Of all the elliptic accounts, thought Antonia. What Winifred was omitting was the highly significant fact that she had written to Vane as ‘Miss Hope’, former nanny to Prince Cyril’s son, and that she had offered to share her ‘reminiscences’ with him. That of course was the only reason why he had written back by return of post and asked her to visit him at the Villa Byzantine.

‘Needless to say, Tancred and I “clicked” at once. Our very first meeting felt as though it had been pre-ordained. It was exactly as I had imagined it would be. We sat facing each other and we talked and talked! We couldn’t keep the smiles off our faces. It felt as though he and I had known each other all our lives.’

There was a pause. Payne remembered something de Clerambault had written. That patients with this particular delusional disorder frequently cast a quasi-religious veil over their feelings. Patients were unlikely to seek help since they did not regard themselves as ill.
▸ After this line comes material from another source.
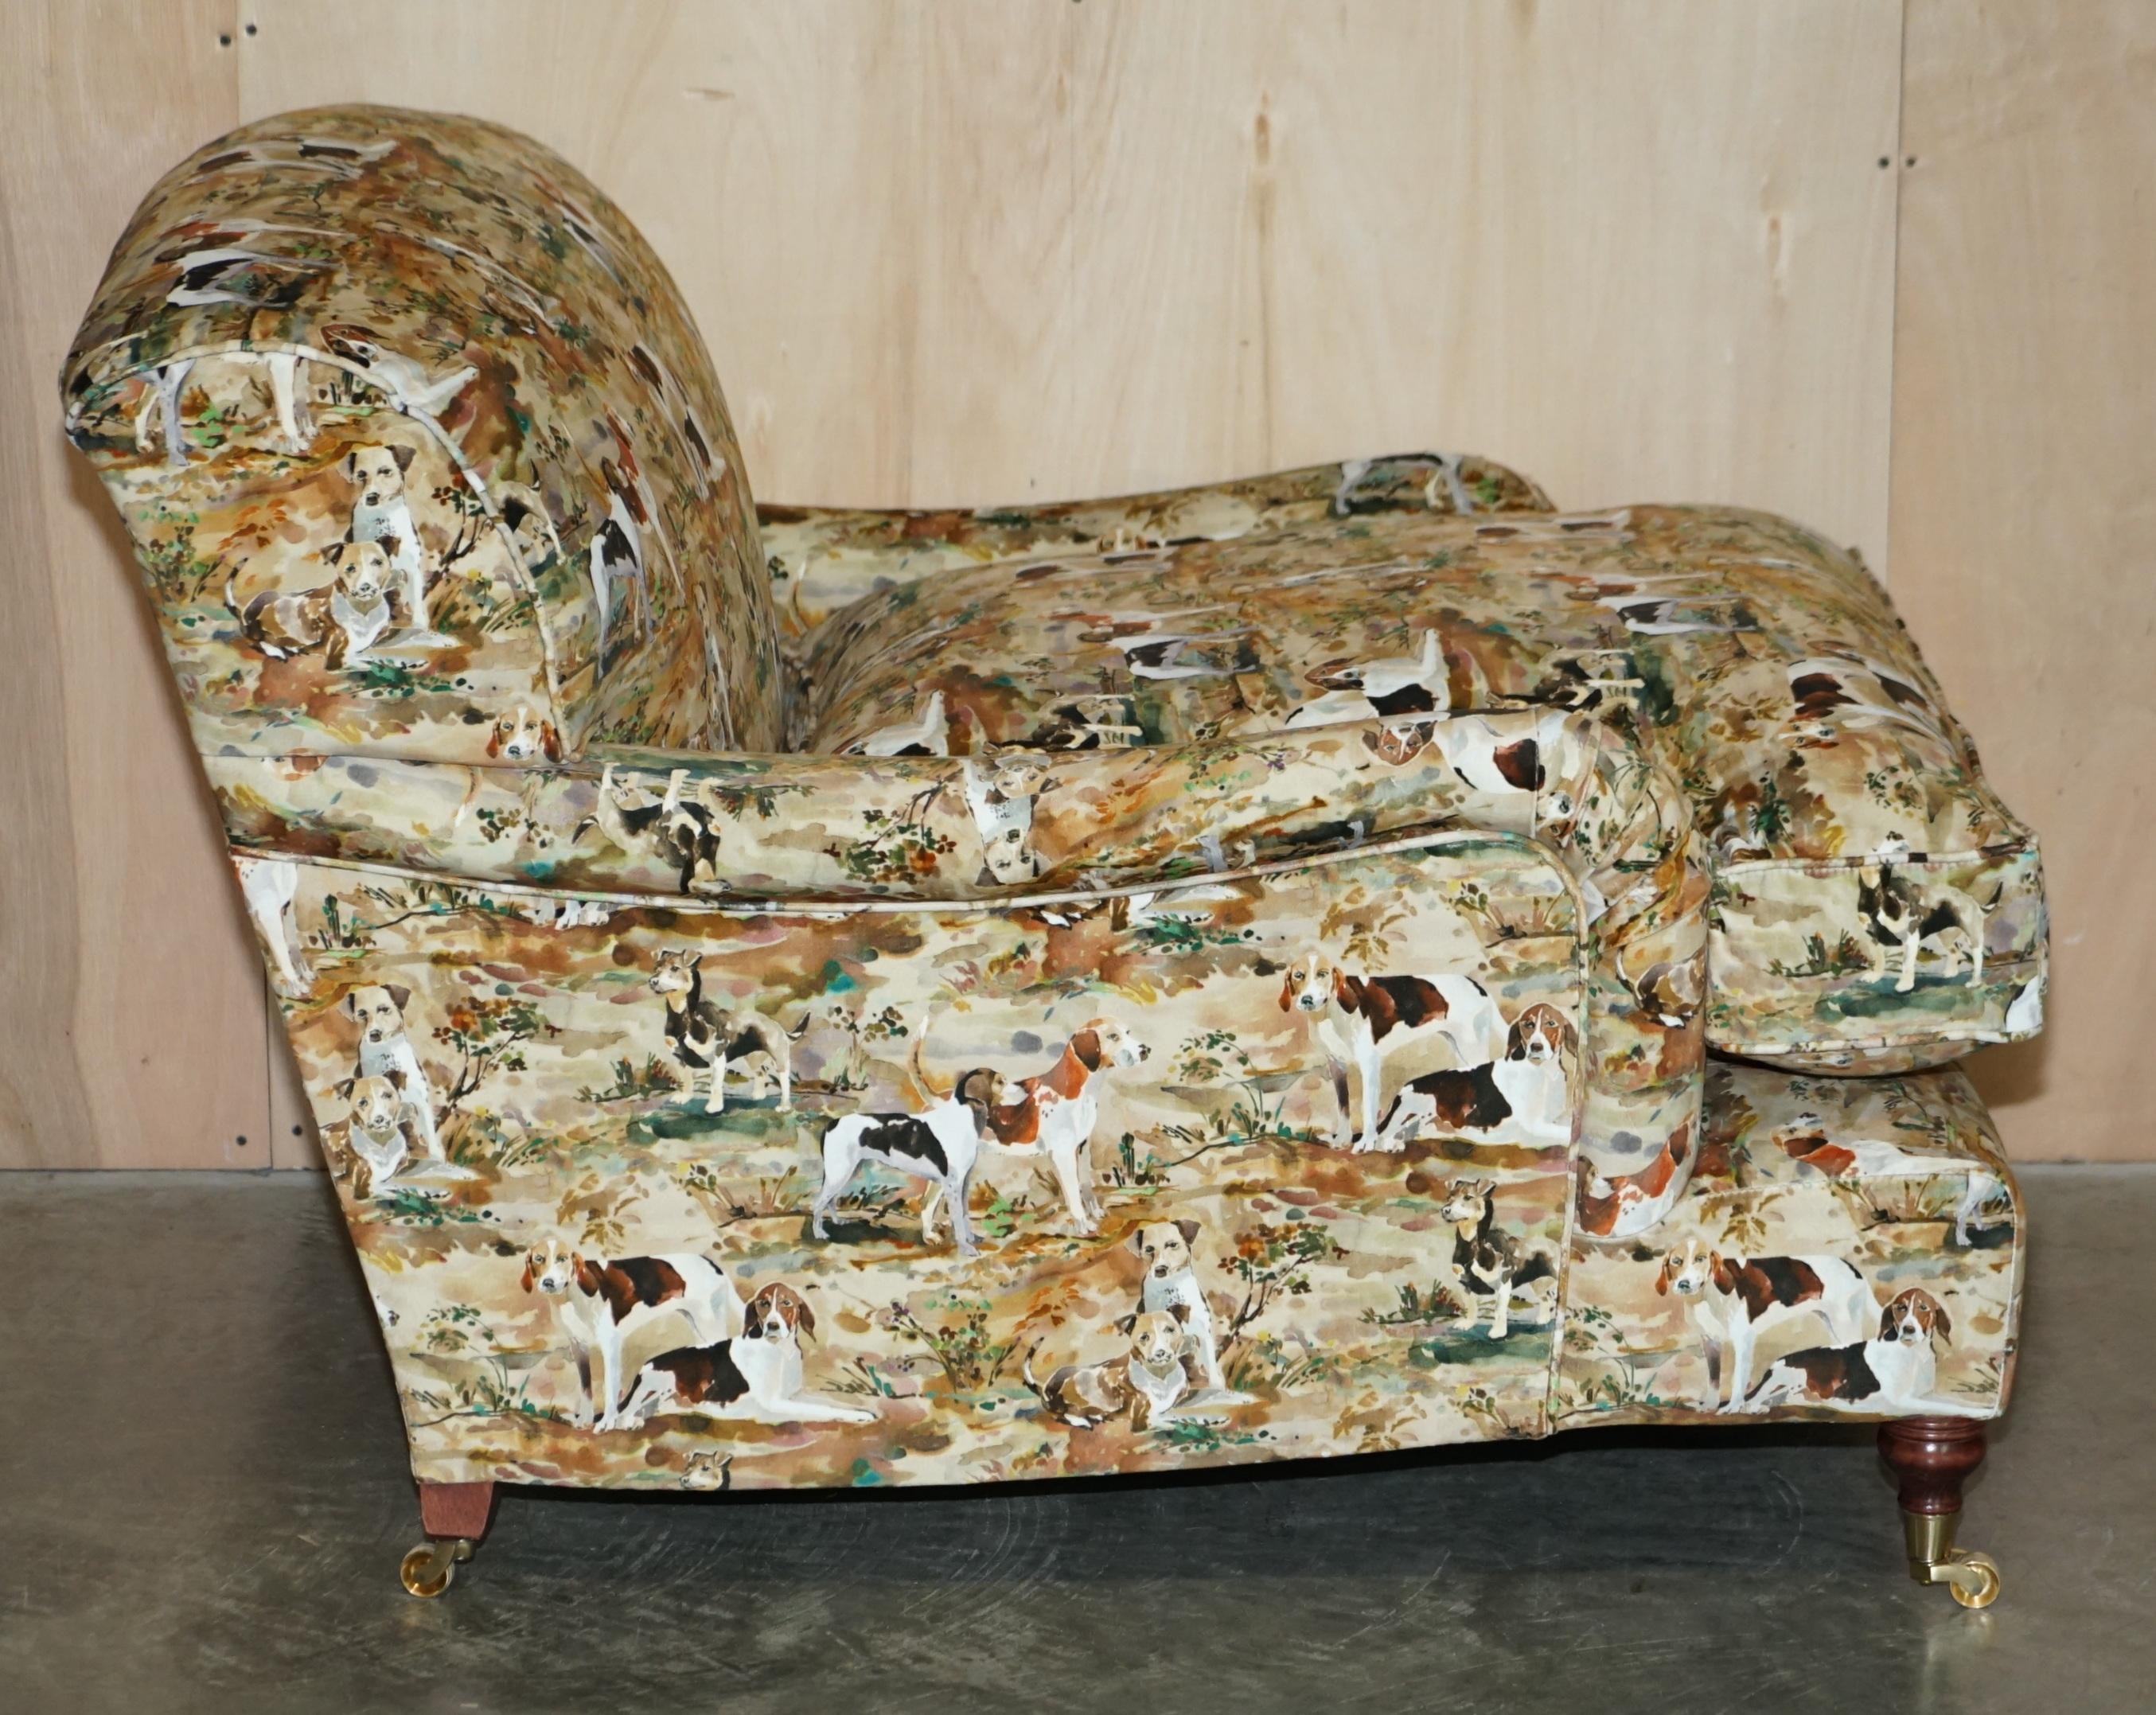 New Pair of Mulberry Custom Made Howard Love Seat Armchairs Hounds Silk Velvet For Sale 11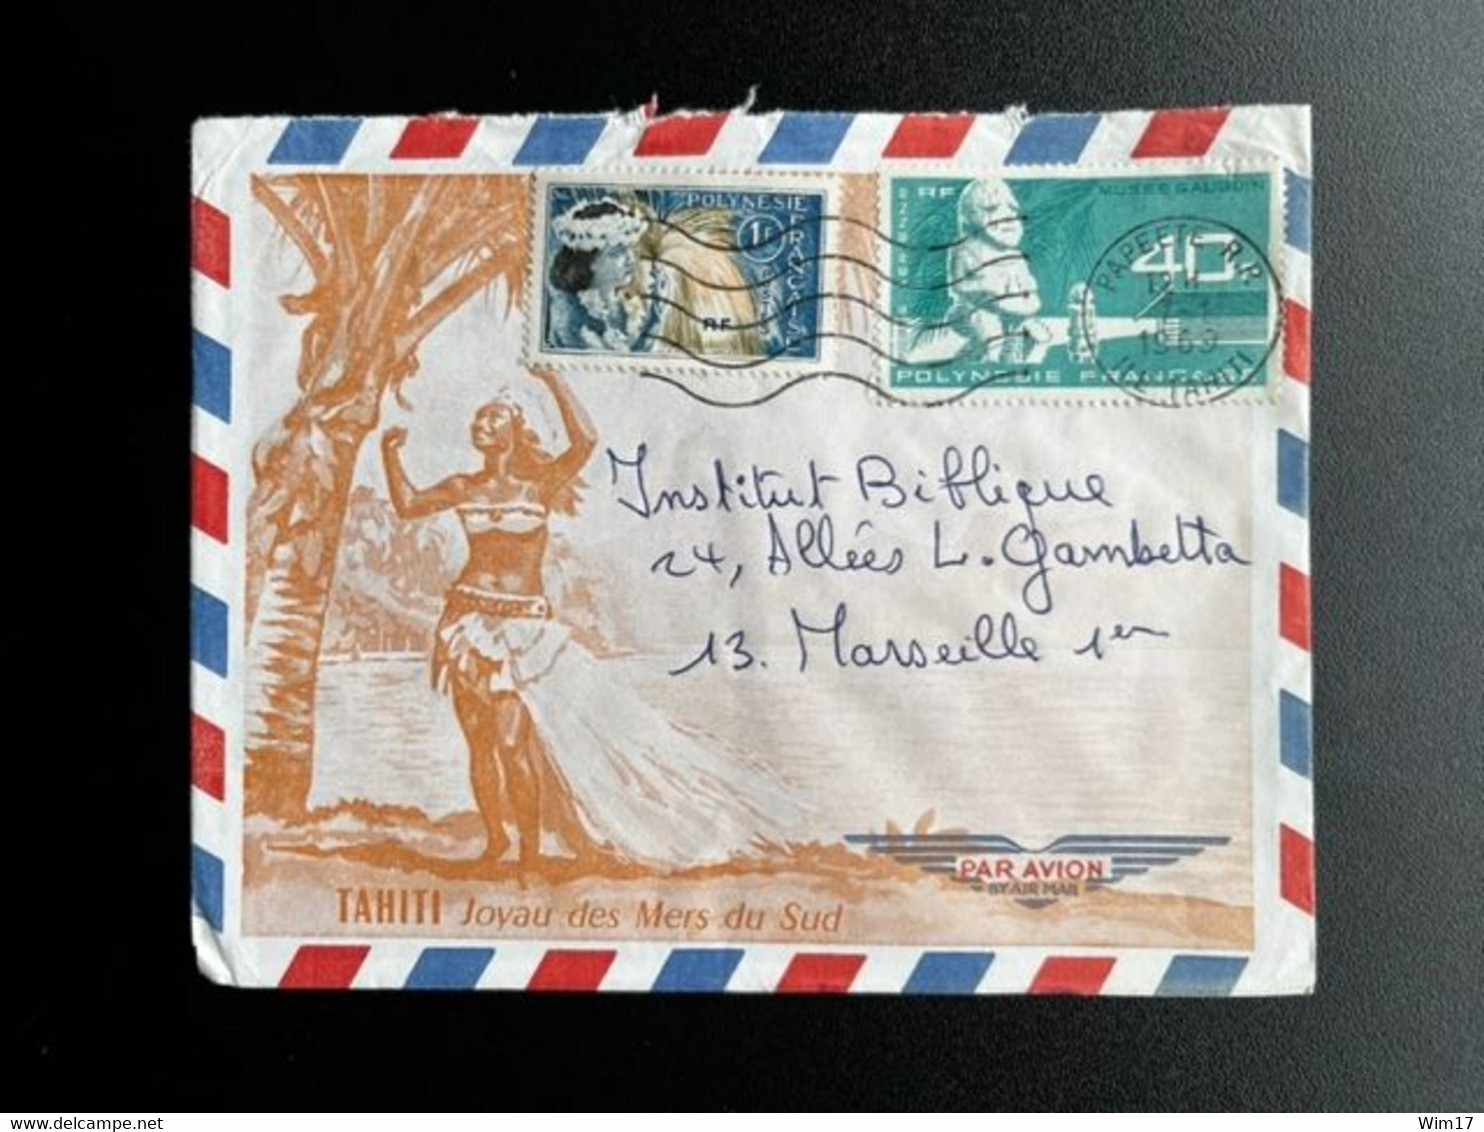 FRENCH POLYNESIA 1969 AIR MAIL LETTER PAPEETE TO MARSEILLE 12-02-1969 POLYNESIE LETTRE - Covers & Documents

He cleared his throat. ‘Going back to what we were saying earlier on, do you think it at all possible that it was Miss Hope who killed Stella?’

Winifred remained thoughtful for a moment or two, then said quietly, ‘What would her motive have been?’

‘Perhaps Stella tumbled to her secret? Discovered she was an impostor?’

‘Yes… That is possible.’ Something like a shadow passed across Winifred Willard’s face and her expression changed a little. Her smile faded. She looked confused.

‘Did you know that a bloodstained handkerchief bearing the initials WW was found by Stella’s dead body?’

‘No. How extraordinary. I had no idea.’

‘Do you think it might be yours?’

Oh dear, Antonia thought.

‘I don’t think so.’ Winifred slowly rose from her seat. ‘I believe my sister is calling me. I am sorry. I will need to go upstairs. Would you mind frightfully if I said au revoir?’

Antonia and Payne stood up. Their visit was at an end. They hadn’t heard anyone call.